It was found that single-frequency SPEPs originating from orthogonal linearly polarized even- and odd-parity IGp,p modes were predominantly achieved in the present cavity, where SPEPs with p = 3, 4, 5, 6, 7 and 8 were observed easily and reproducibly by changing the pump position and pump power (i.e., effective gain area). Three examples of SPEPs are shown in Fig. 2 , together with the corresponding optical spectra of lasing patterns. The lasing pattern in Fig. 2(a), which is similar to that in Fig. 1(b), was obtained by shifting the pump position slightly, which caused tilt angle ϕ of the lasing modes to change accordingly. In all cases, single-frequency operations were obtained.

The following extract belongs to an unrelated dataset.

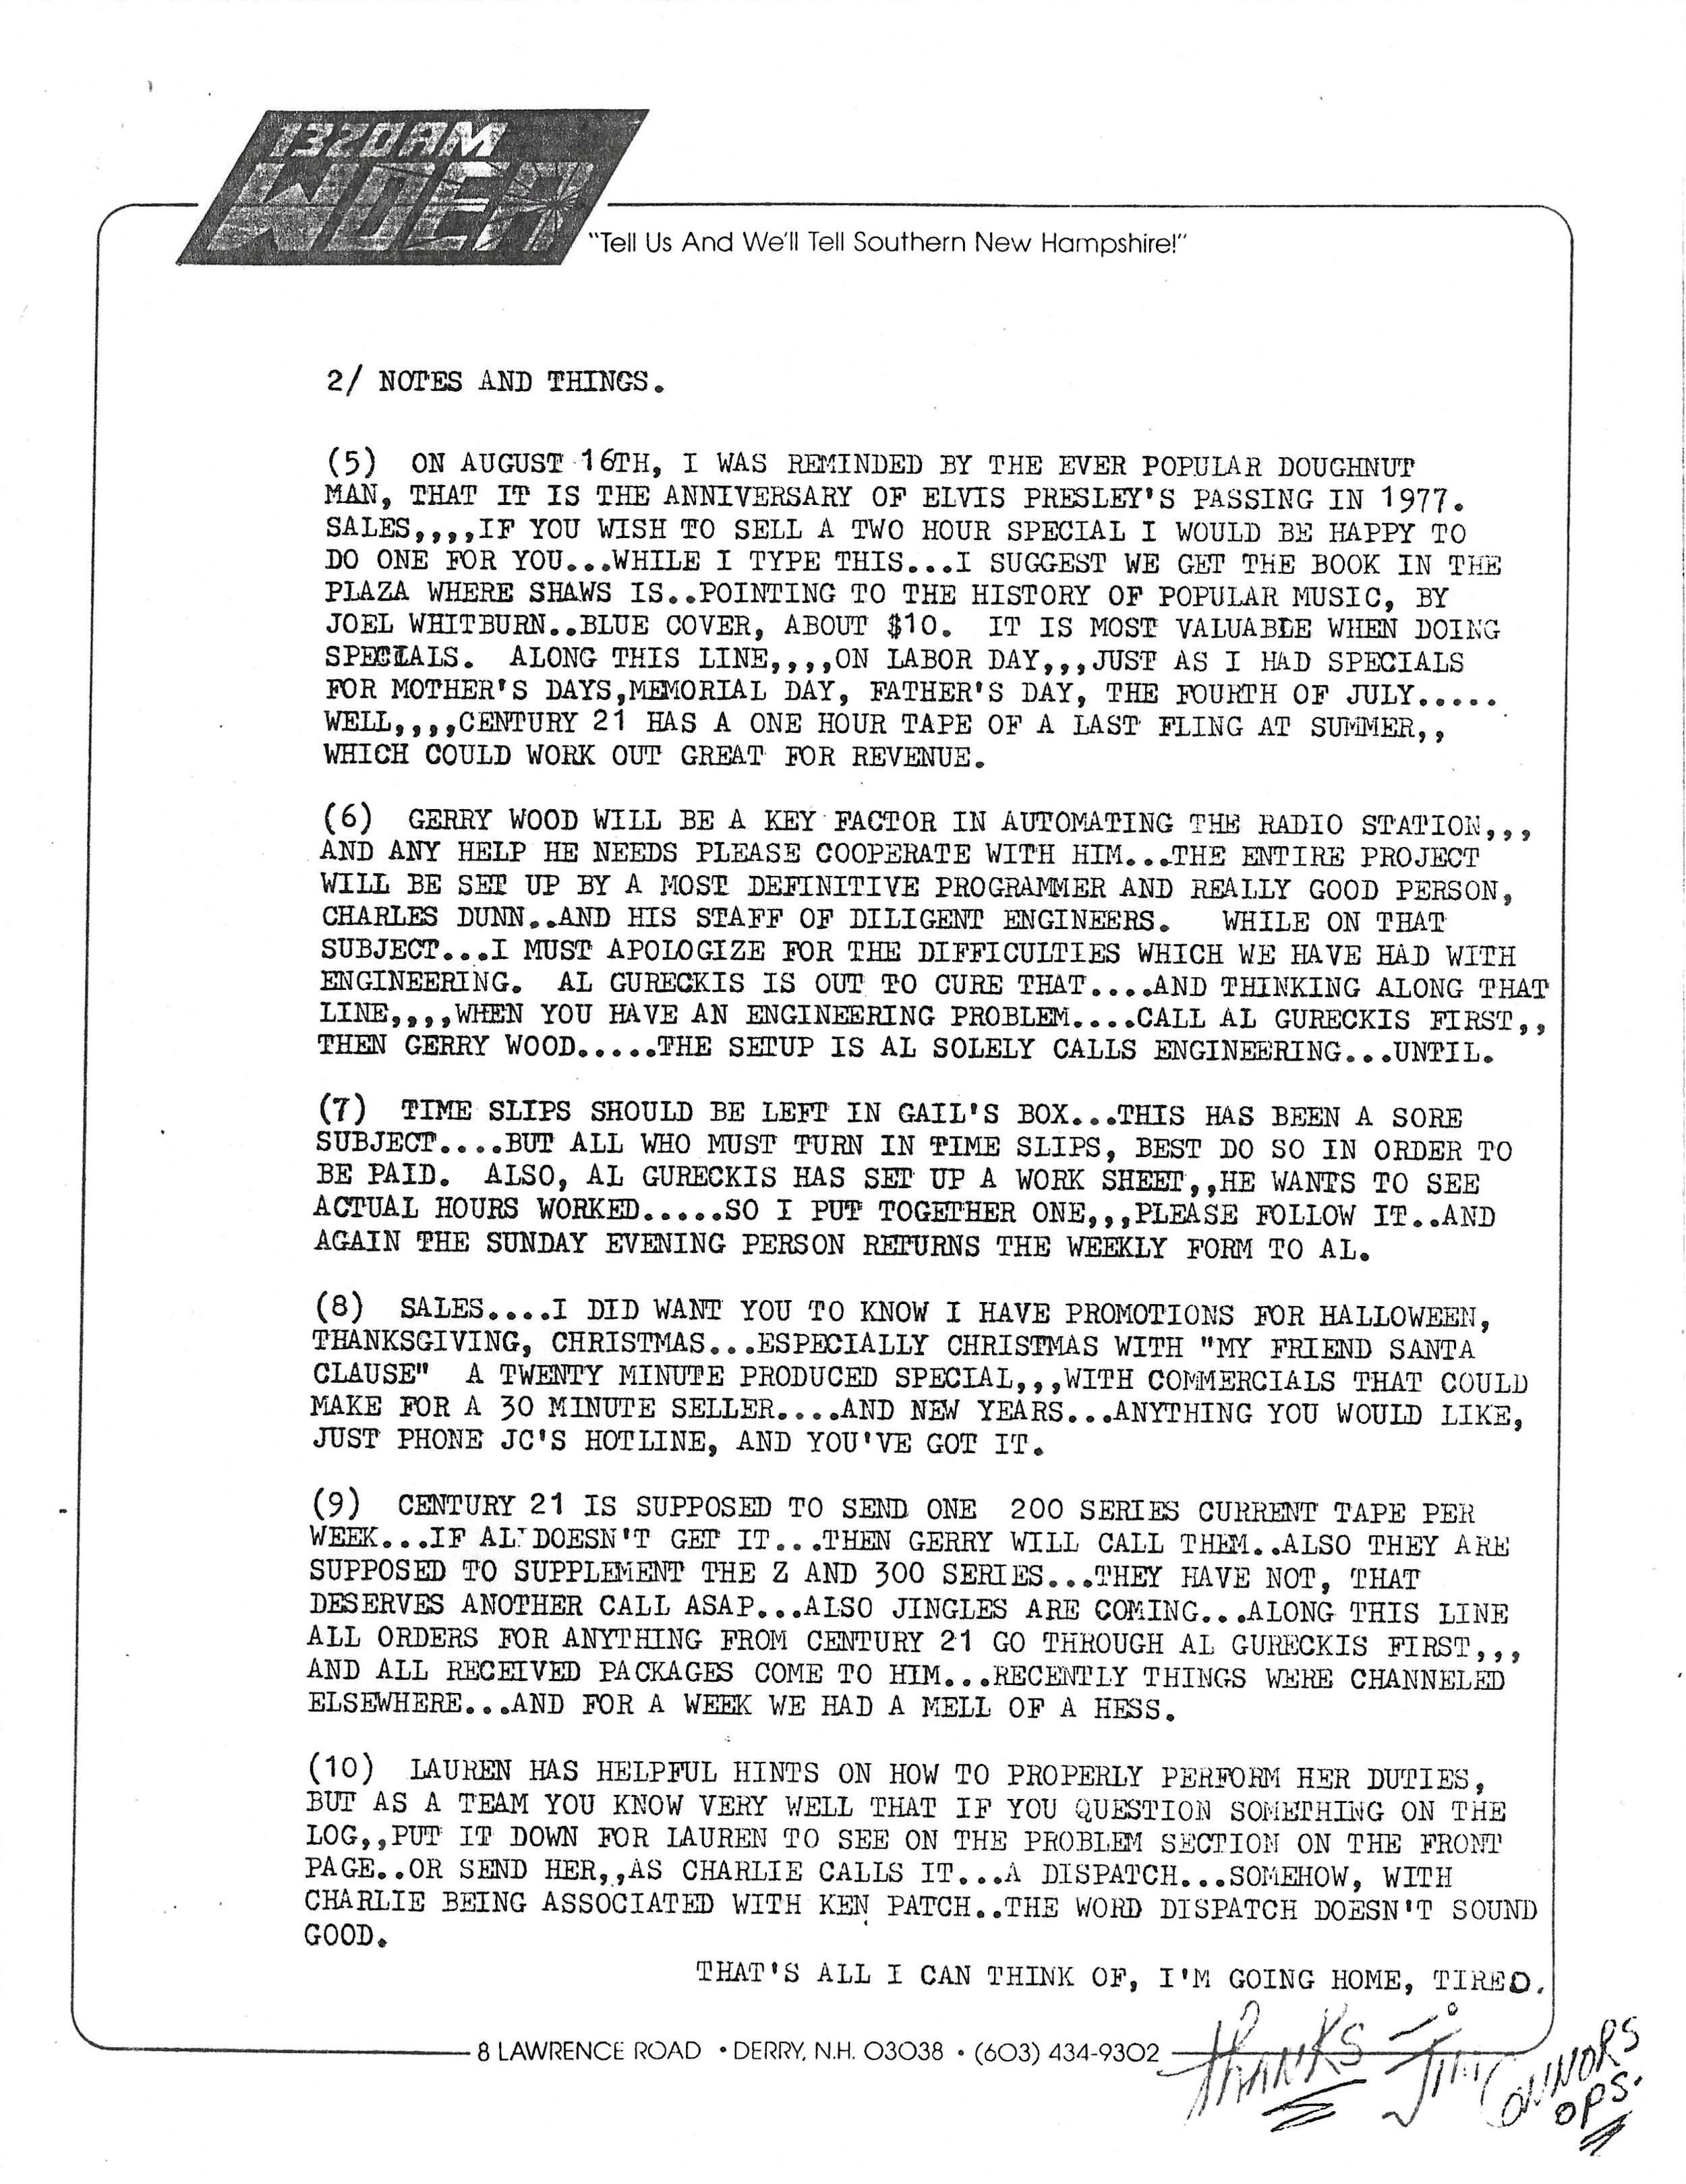 WDER staff letter 1985 Jim Connors

These IG mode pairs are considered to be the most suitable modes to be excited simultaneously by the common LD-pump beam targeted on the brightest spot of mode 1 as depicted by the circles in the figures [10,11], which is spatially shared by mode 2. IG mode pairs with larger p were found to be excited in the lower pump-power regime. This may result from the decrease in the effective gain area, which matches the smaller targeting spot for IG mode pairs with larger p.

 figure: Fig. 2

Fig. 2 Experimental SPEPs formed from even- and odd-parity IGp,p modes, oscillation spectrum, and the associated polarization-resolved patterns. Pump power: (a) 534 mW, (b) 509 mW, (c) 498 mW. α1 ⊥ α2. Polarization directions of patterns in the right column: α1 + 45° for upper patterns; α2 + 45° for lower patterns.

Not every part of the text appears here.